うみのイルカ=B番ナルト(ドジばっかり)
「あ、おい大丈夫か!?」
並んで歩けば石に躓いて転び、恥かしそうにエヘヘ、と笑い、イルカの姿が見えなくなった瞬間に何かしらのイタズラを仕掛ける、そんなナルトに生来世話好きのイルカにとってはこのナルトは待ち望んだ物だった。
オリジナルのナルトは、それこそ小さい内はイタズラ大好き、好奇心旺盛で腕白小僧だったが、成長して年頃になった今ではきちんと話を聞くときは聞くし、イタズラも殆どしなくなった。

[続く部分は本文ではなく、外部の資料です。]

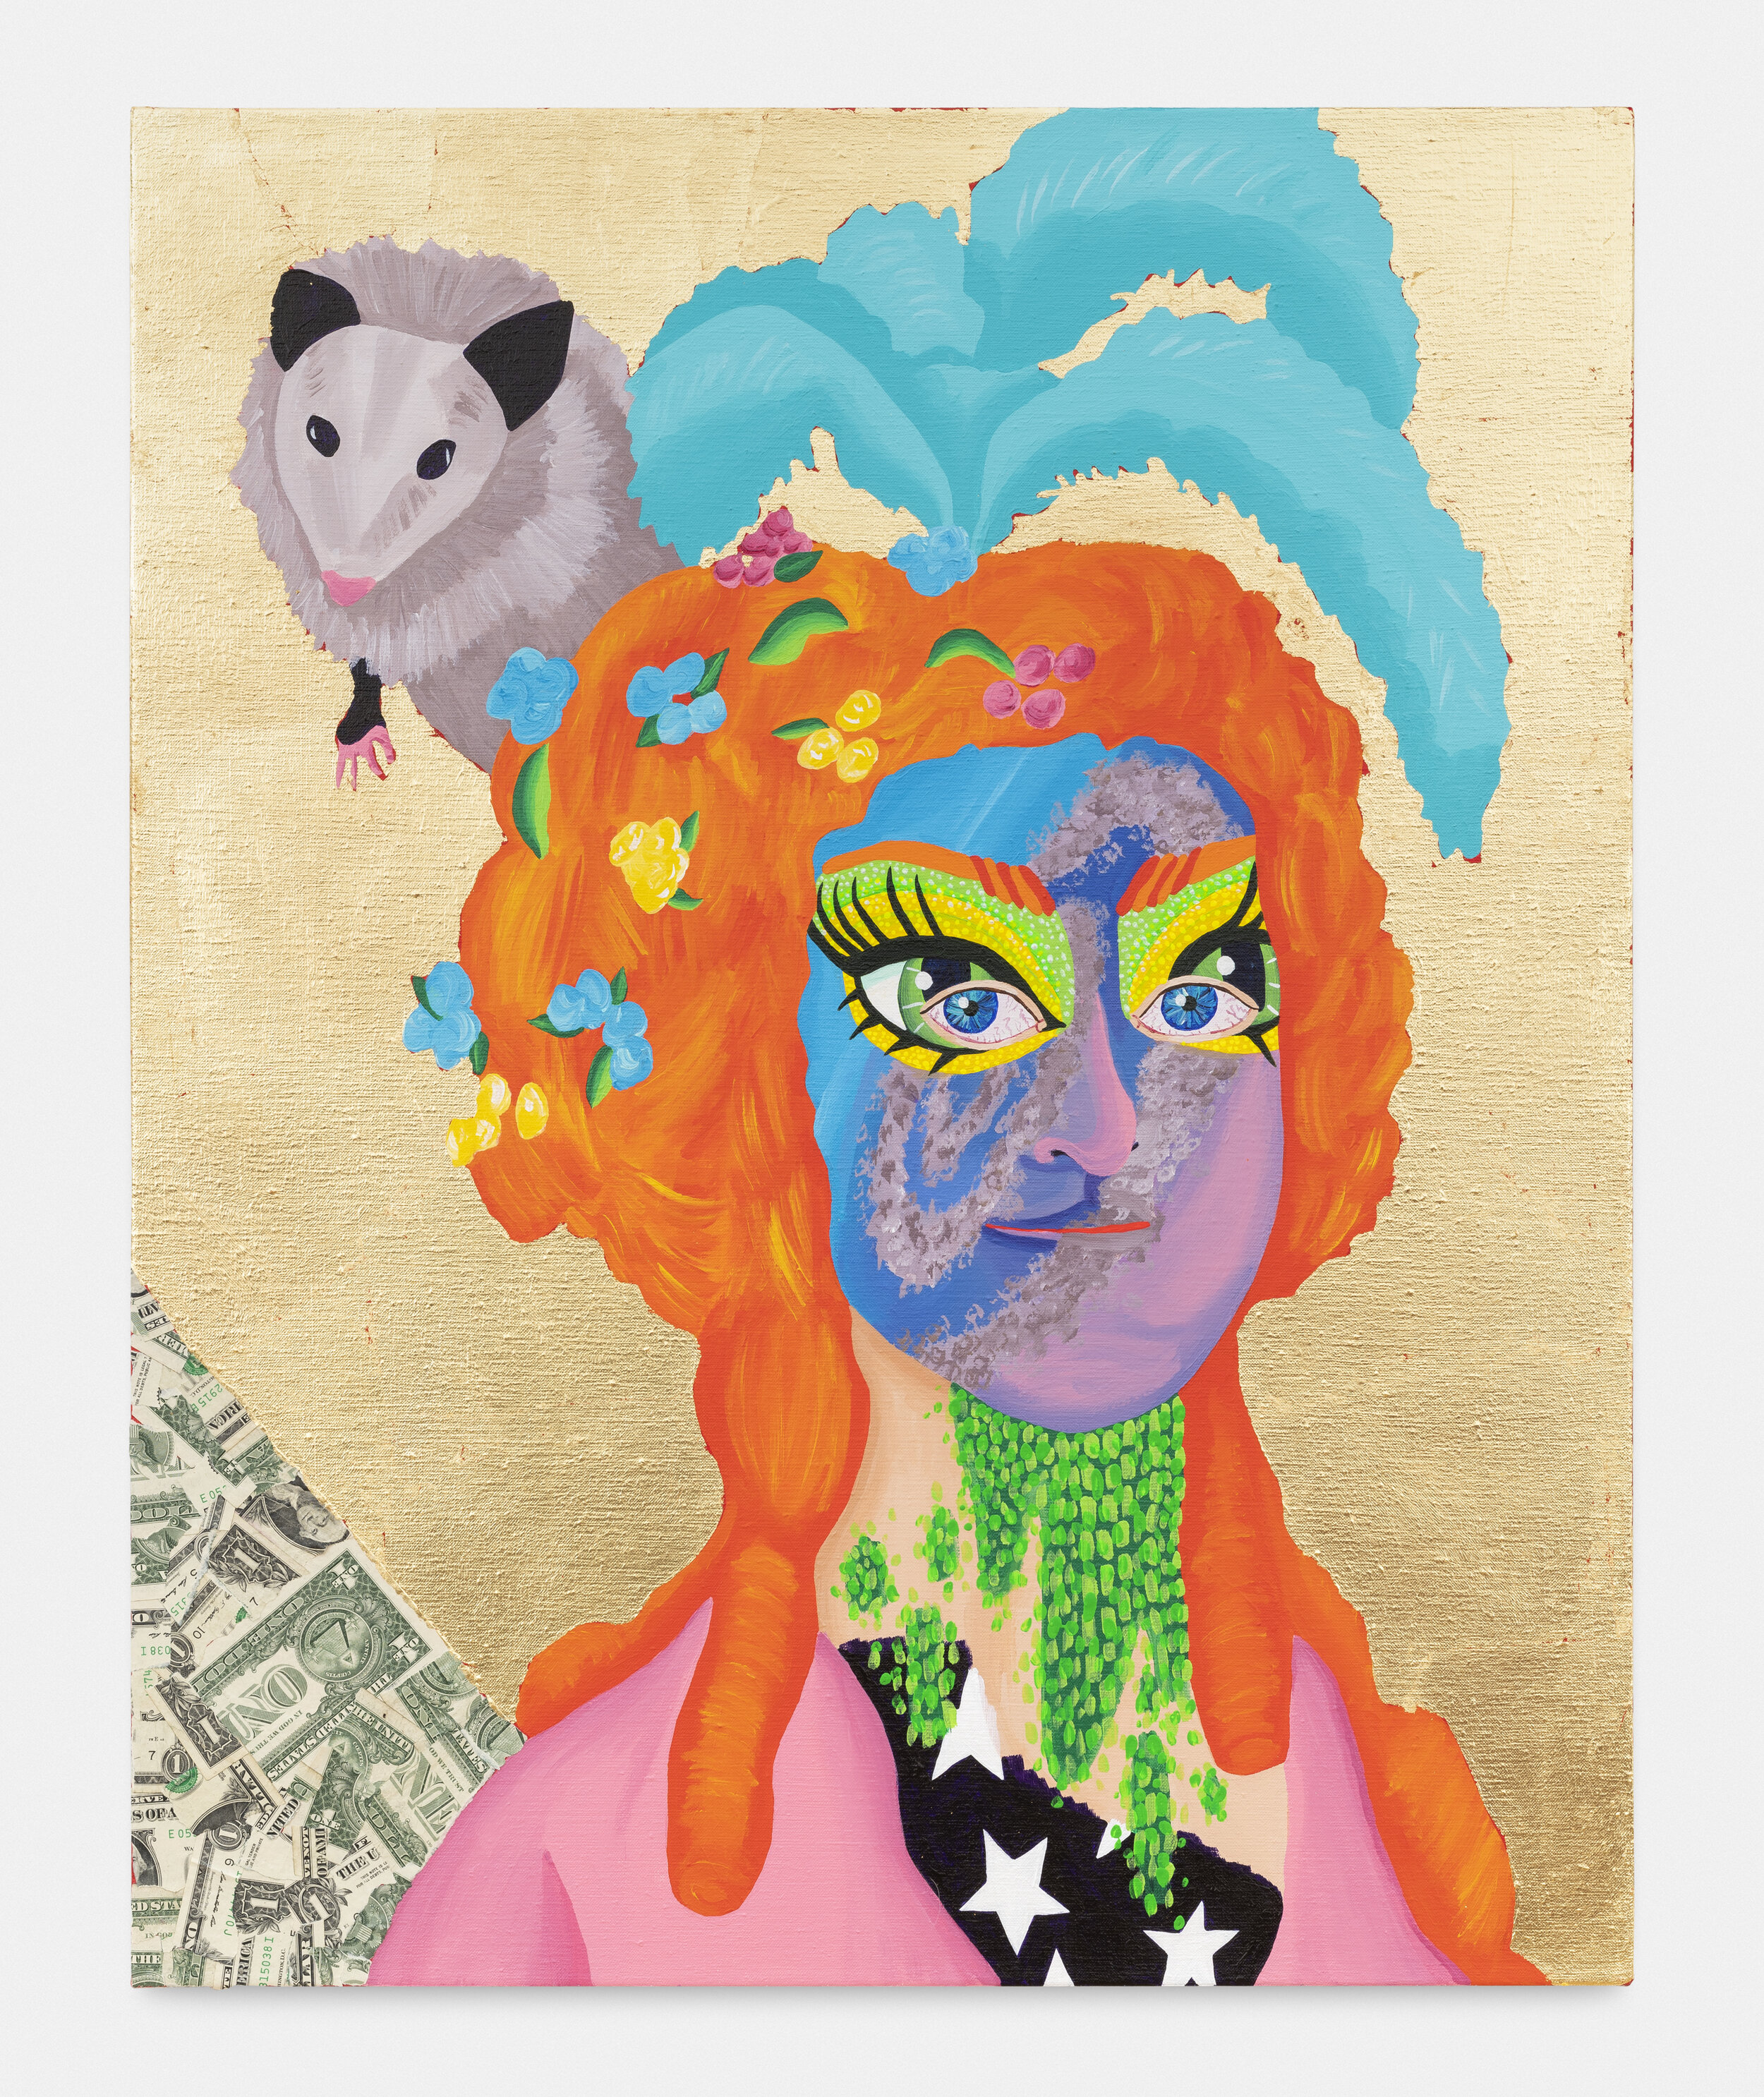   Old Put with Spiral Jetty Face Paint,  2020  30 x 24 x 1.5 inches (76.2 x 60.96 x 3.81 cm.)  Acrylic, gold lead, and dollar bills on linen

それは、イルカにとっては嬉しくもあり、寂しくもあった。
このナルトは、昔のナルトそのまま、って感じで、先程からイルカに怒られる、と解っているのにイタズラを止める気配は無く、そんなナルトの姿を見てにやけてしまう。
「やっぱ、ナルトはこうじゃないと・・・。」
頭を撫でれば、エヘヘ、と笑い、そうしている間にも電柱にぶつかりそうになったり、注意力散漫で目を離せない。
「よし、今晩は何食いたい?やっぱりラーメンか?」
訊ねるが、言葉を話せない(学習していない)ナルトは首を傾げるばかりで、そんな姿も幼い頃のナルトを彷彿させると同時に、教師としての熱意が頭を擡げ出す。
「よし、帰ったらアカデミーの教科書で勉強だ!それから、一緒に一楽に行こうな?」
上機嫌のイルカのすぐ横で、ナルトは排水溝に片足を取られ、転んでいた。
「・・・。」
あまりのドジッぷりに、一瞬脳裏に浮かんだのは、
「もしかして、ドジじゃなくて、バカ・・・?」
いや、でも、これが一番俺が望んでたのだし、と気を取り直すが、その直ぐ横でナルトが今度は反対の足も排水溝に取られ、ズボンがビチャビチャで泥だらけ。
これは、帰宅したらすぐ風呂に入れてやらなければ。
・・・もしかして、ババを掴まされたのでは、軽くシカマルを呪ったイルカであった。